Il Wwf ricorda che nel marzo 2018 l’Intergovernamental Science/Policy Platform on Biodiversity and Ecosystem Services (Ipbes) ha reso nota la valutazione sul degrado dei suoli (Land Degradation and Restoration Assessment) che «dimostra come oggi meno del 25% della superficie terrestre sia ancora in condizioni naturali e come nel 2050, continuando con gli attuali andamenti di sfruttamento senza invertire l’attuale tendenza, la percentuale della superficie delle terre emerse  in condizioni naturali si abbasserà al 10%. Oggi, il degrado dei suoli mina il benessere di circa 3,2 miliardi di persone nel mondo. Inoltre, nell’era moderna, le zone umide hanno perso l’87% della loro estensione. Il degrado dei terreni include anche la perdita delle foreste, un fenomeno che nelle zone temperate è stato rallentato dalle operazioni di riforestazione ma che è andato accelerandosi nelle foreste tropicali. Un’analisi in 46 Paesi in area tropicale e subtropicale ha dimostrato che l’agricoltura commerciale su larga scala e l’agricoltura di sussistenza sono state responsabili rispettivamente di circa il 40% e il 33% della conversione forestale tra il 2000 e il 2010. Il 27% della deforestazione è stata causata dalla crescita urbana, dall’espansione delle infrastrutture e dalle attività minerarie. Questo degrado esercita numerosi impatti sulle specie, sulla qualità degli habitat e sul funzionamento degli ecosistemi».

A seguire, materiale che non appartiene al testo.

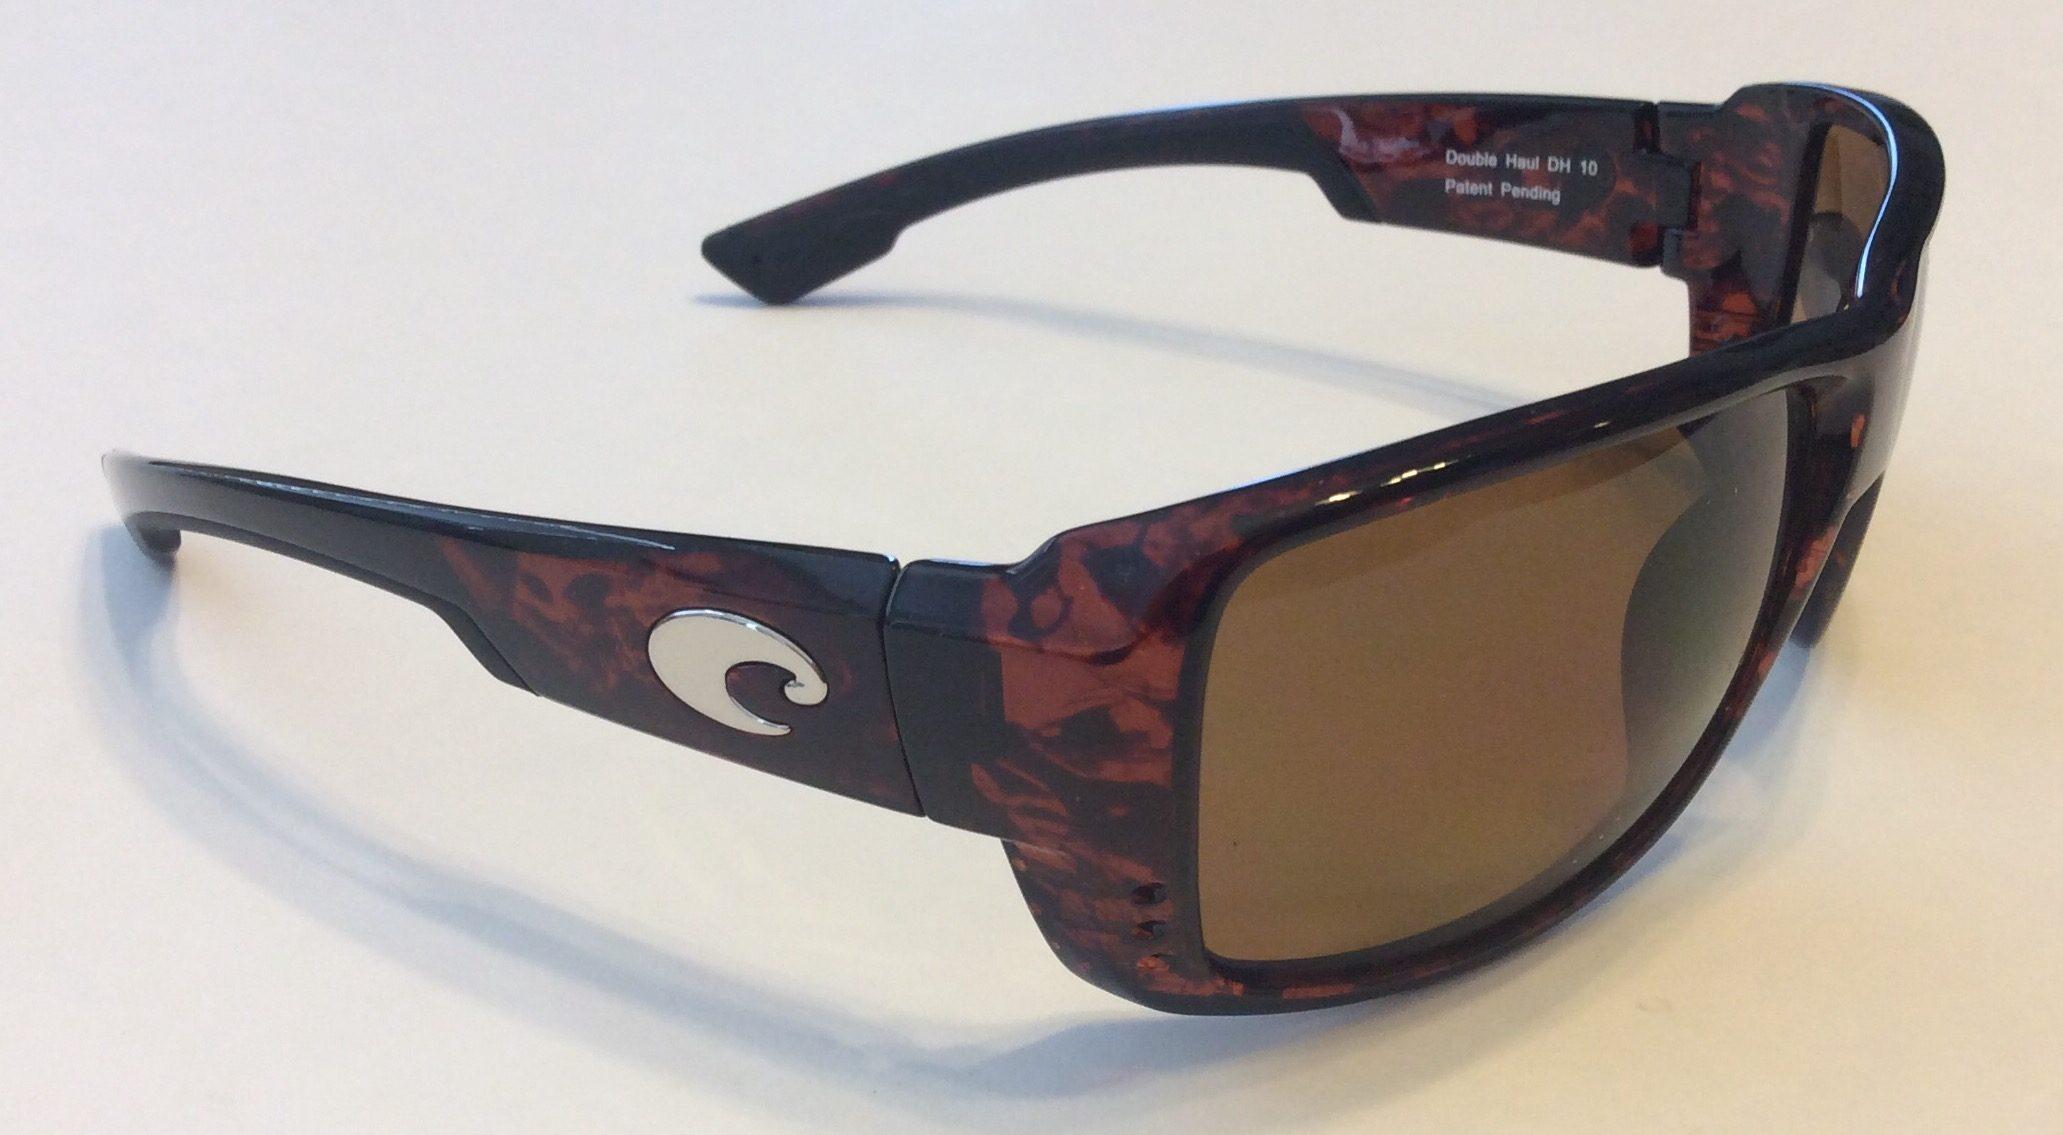 10eb3bb238a9 Costa Del Mar Double Haul Sunglasses - Tortoise - Dark Amber POLARIZED 400P

Ma è possibile invertire la curva della perdita di biodiversità? Il WWf è convinto di sì: «La biodiversità costituisce l’infrastruttura che sostiene tutta la vita sulla Terra. I sistemi naturali e i cicli biogeochimici che la diversità biologica genera consentono un funzionamento stabile dell’atmosfera, degli oceani, delle foreste, dei vari territori e dei bacini idrici. Essi costituiscono i prerequisiti per l’esistenza di una moderna e prospera società umana, capace di continuare a vivere bene nel corso del tempo. Da ora al 2020 abbiamo un’unica finestra di opportunità per formulare una visione di positivo rapporto tra l’umanità e la natura. La Convenzione della Diversità Biologica sta individuando i nuovi obiettivi e i target per il futuro. Questi, insieme agli Obiettivi di Sviluppo Sostenibile (SDGs), possono diventare la chiave per un contesto di protezione concreta e di efficacia nella tutela della natura e della biodiversità».

La presidente del Wwf Italia, Donatella Bianche, conclude: «In appena 50 anni il 20% della superficie delle foreste dell’Amazzonia è scomparsa mentre gli ambienti marini del mondo hanno perso quasi la metà dei coralli negli ultimi 30 anni. Il Living Planet Report 2018 richiama ad un impegno deciso per invertire la tendenza negativa della perdita della biodiversità. Il mondo ha bisogno di una Roadmap dal 2020 al 2050 con obiettivi chiari e ben definiti, di un set di azioni credibili per ripristinare i sistemi naturali e ristabilire un livello capace di dare benessere e prosperità all’umanità. Per ottenere risultati è necessario intervenire subito già dalla 14° Conferenza delle Parti della Convenzione sulla Diversità Biologica (CBD, Convention on Biological Diversity, che avrà luogo in Egitto) nel prossimo novembre. E’ fondamentale un accordo globale, ambizioso ed efficace per la natura e la biodiversità, come è avvenuto per il cambiamento climatico in occasione della Conferenza di Parigi nel 2015».